To do |
The expected output is an exact copy of the lines from the one containing "Women Navy Blue" to the final line below, minus any pictures.

Information supplied |
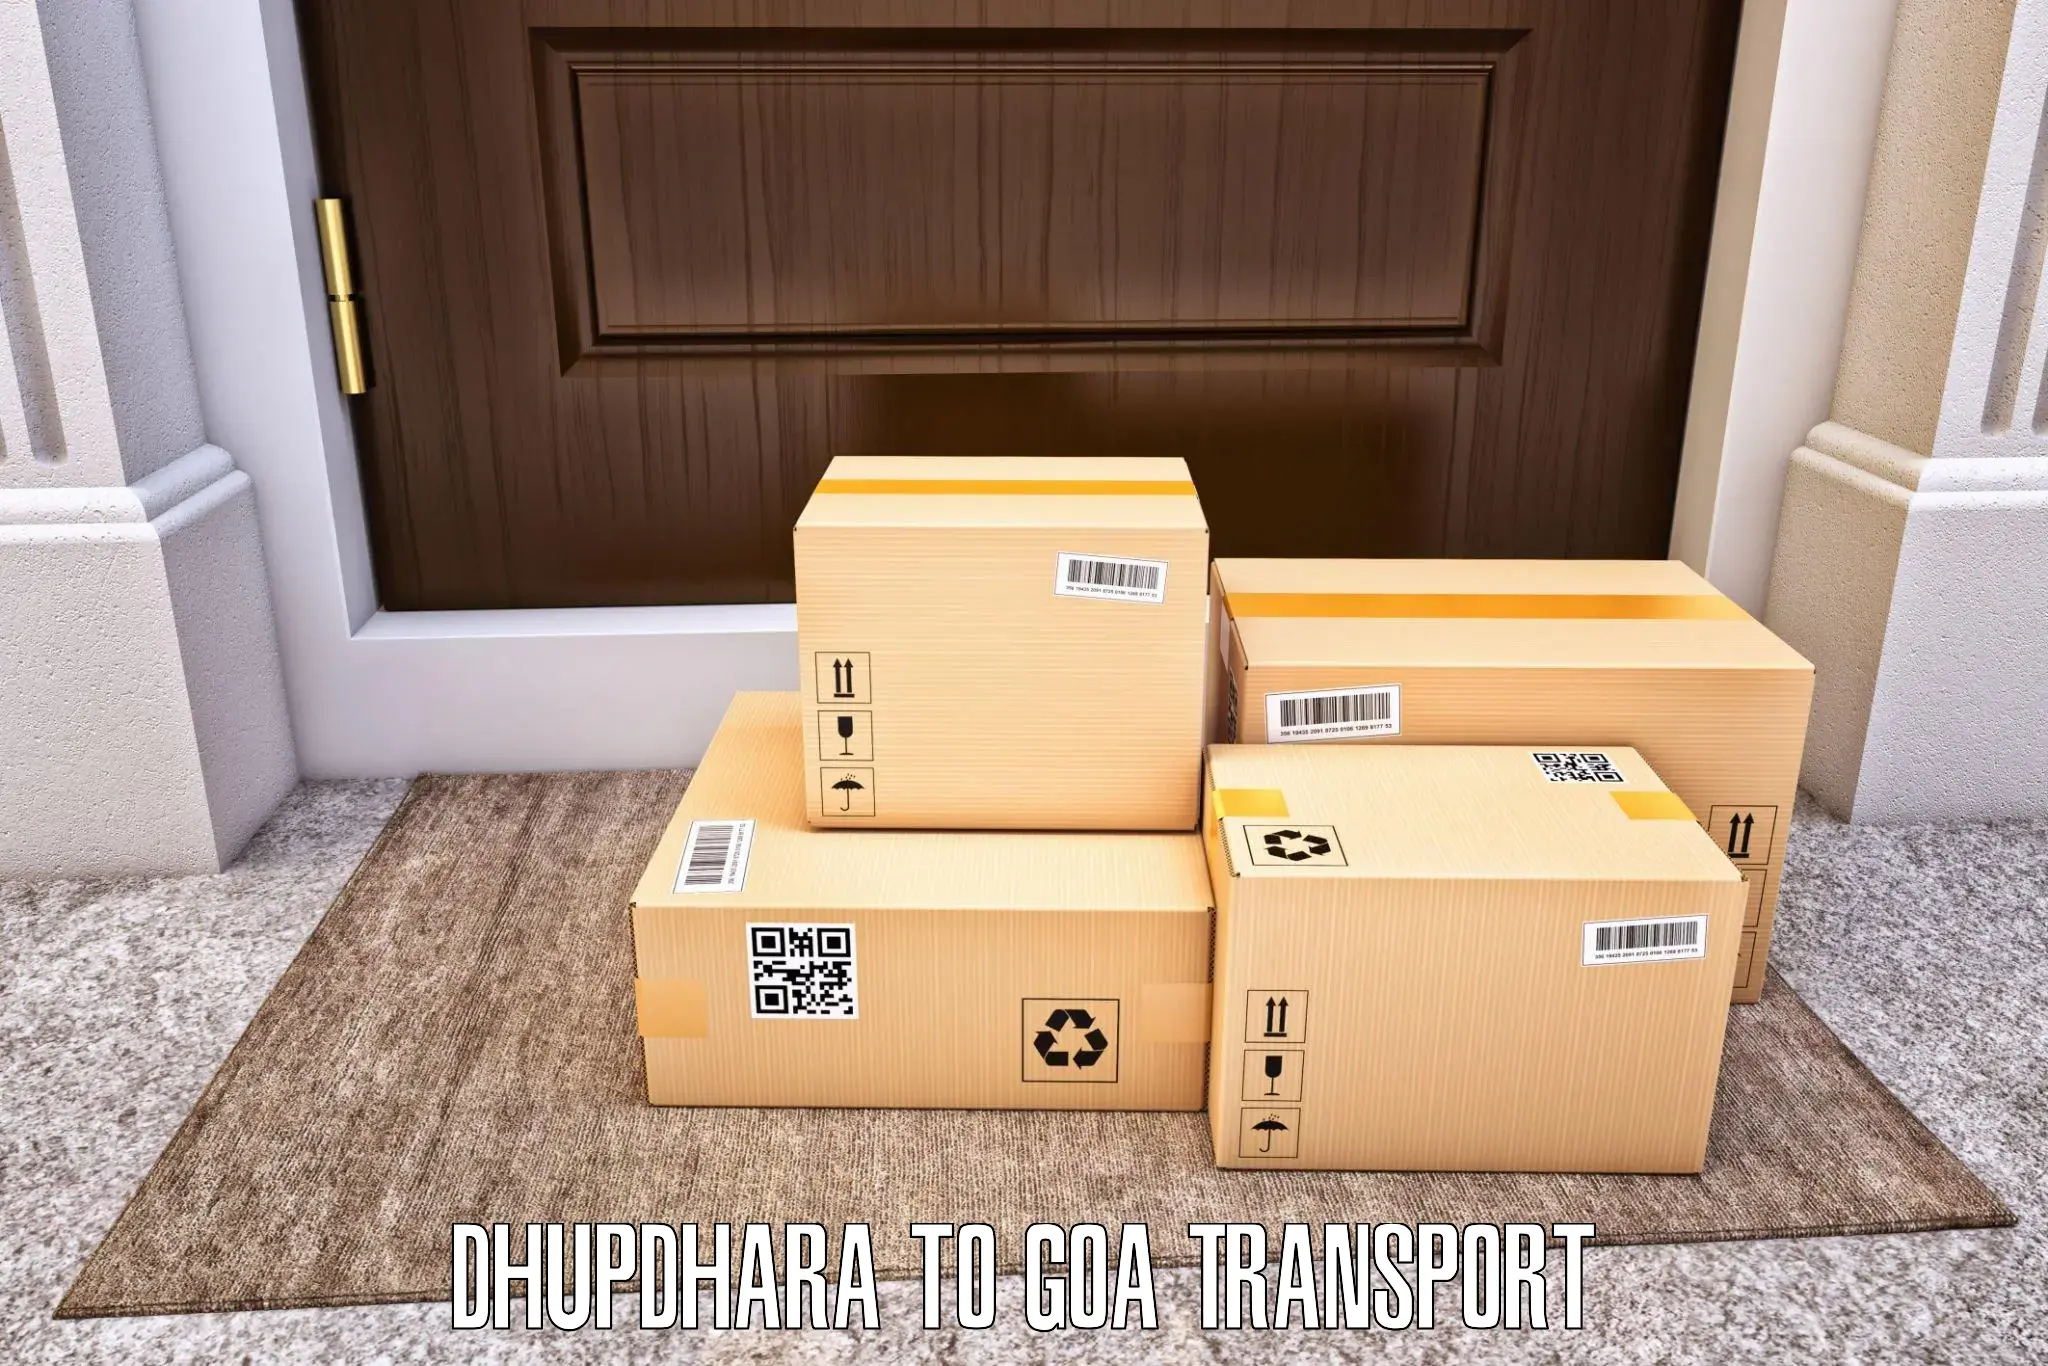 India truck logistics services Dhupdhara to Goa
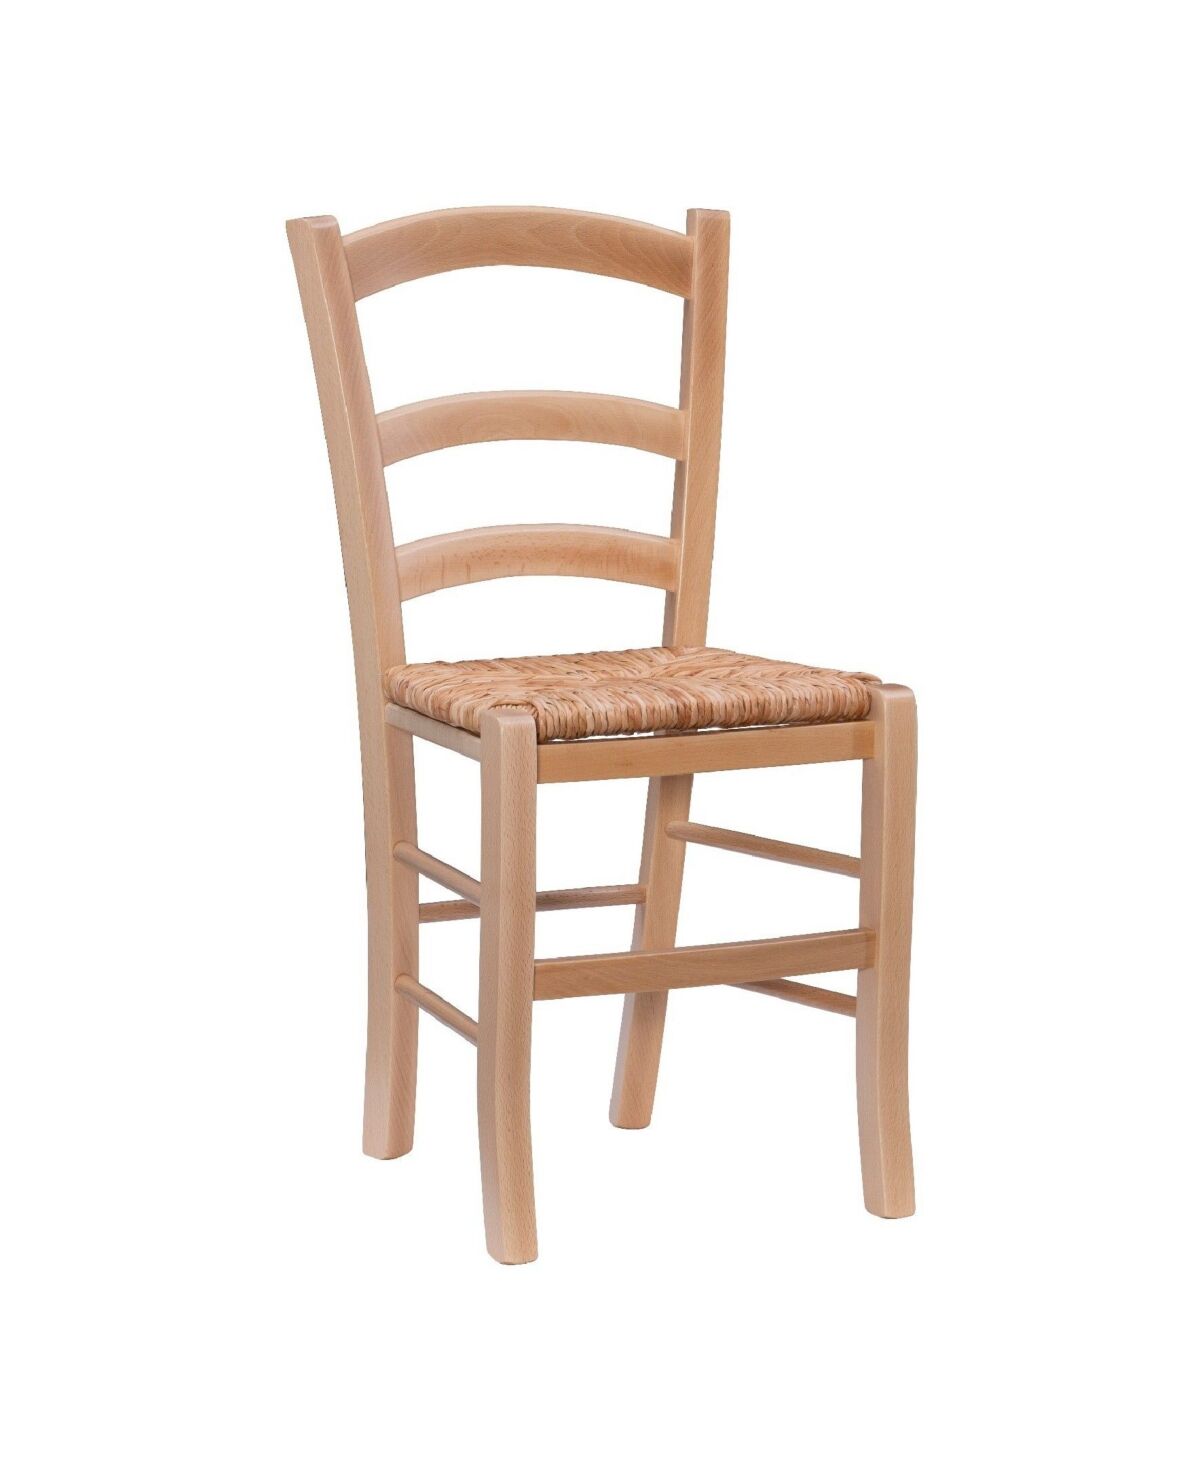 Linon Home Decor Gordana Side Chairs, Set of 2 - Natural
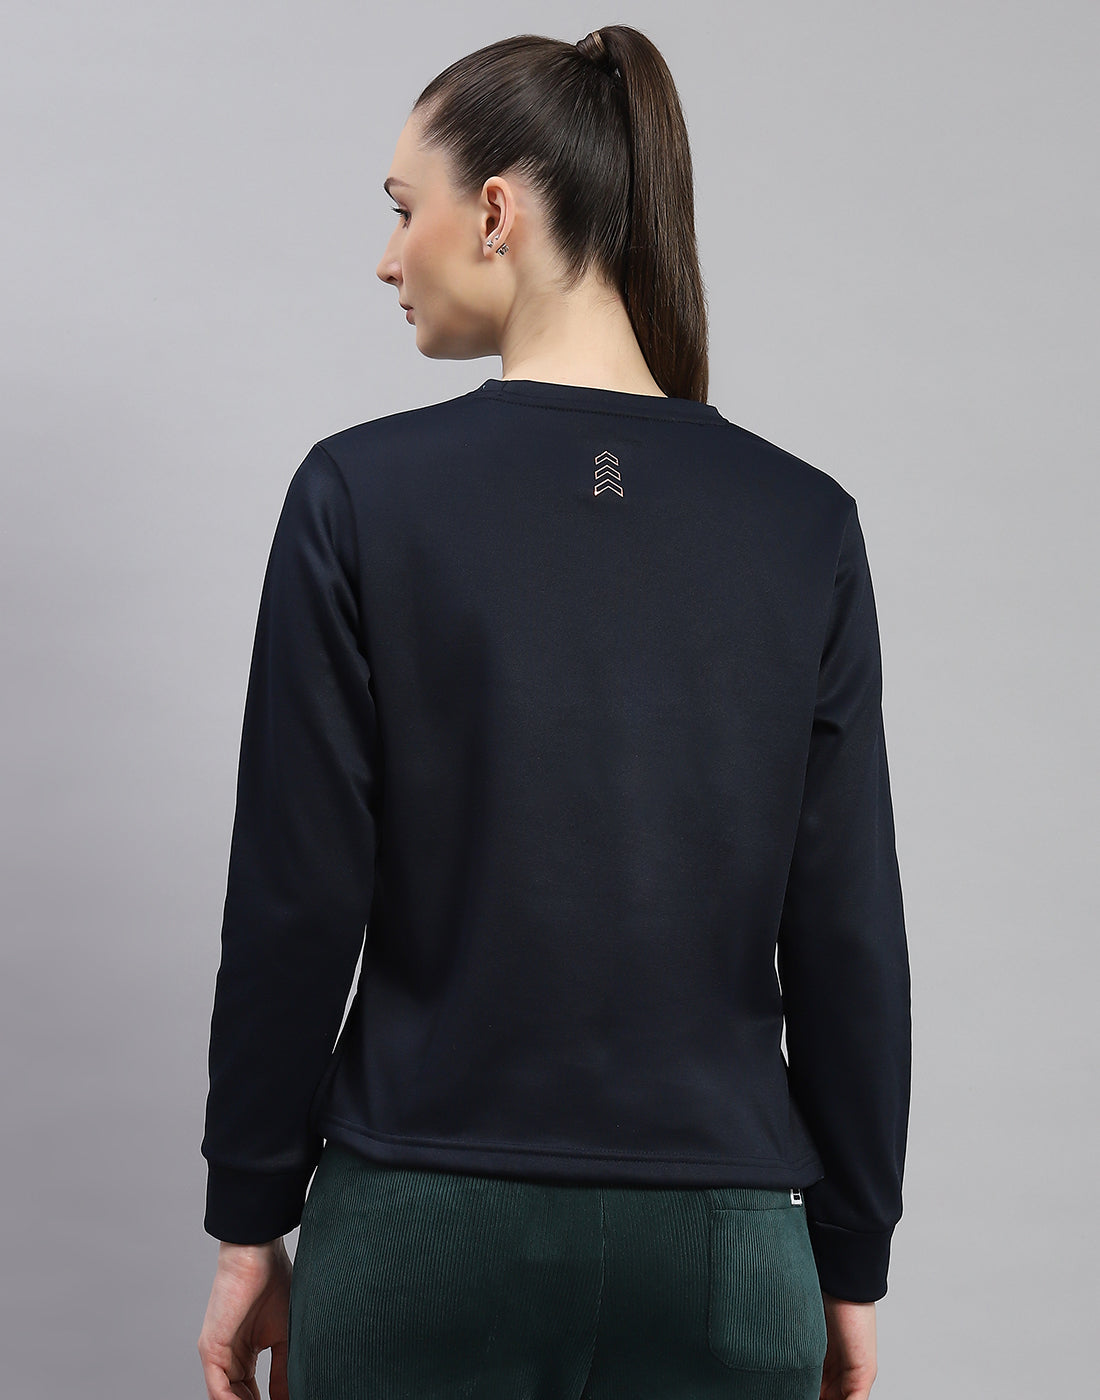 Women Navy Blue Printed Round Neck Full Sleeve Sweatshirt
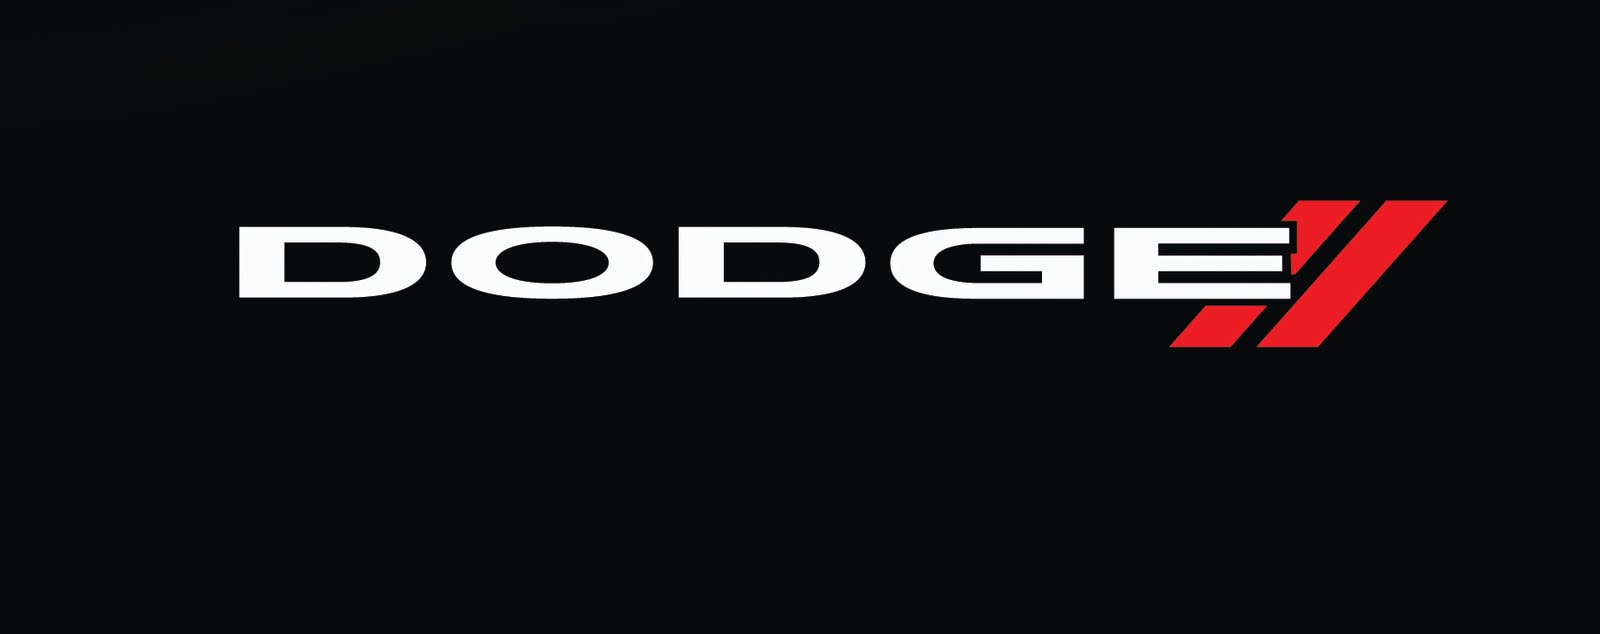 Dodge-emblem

Finished exercise |
 Women Navy Blue Printed Round Neck Full Sleeve Sweatshirt
 Dodge-emblem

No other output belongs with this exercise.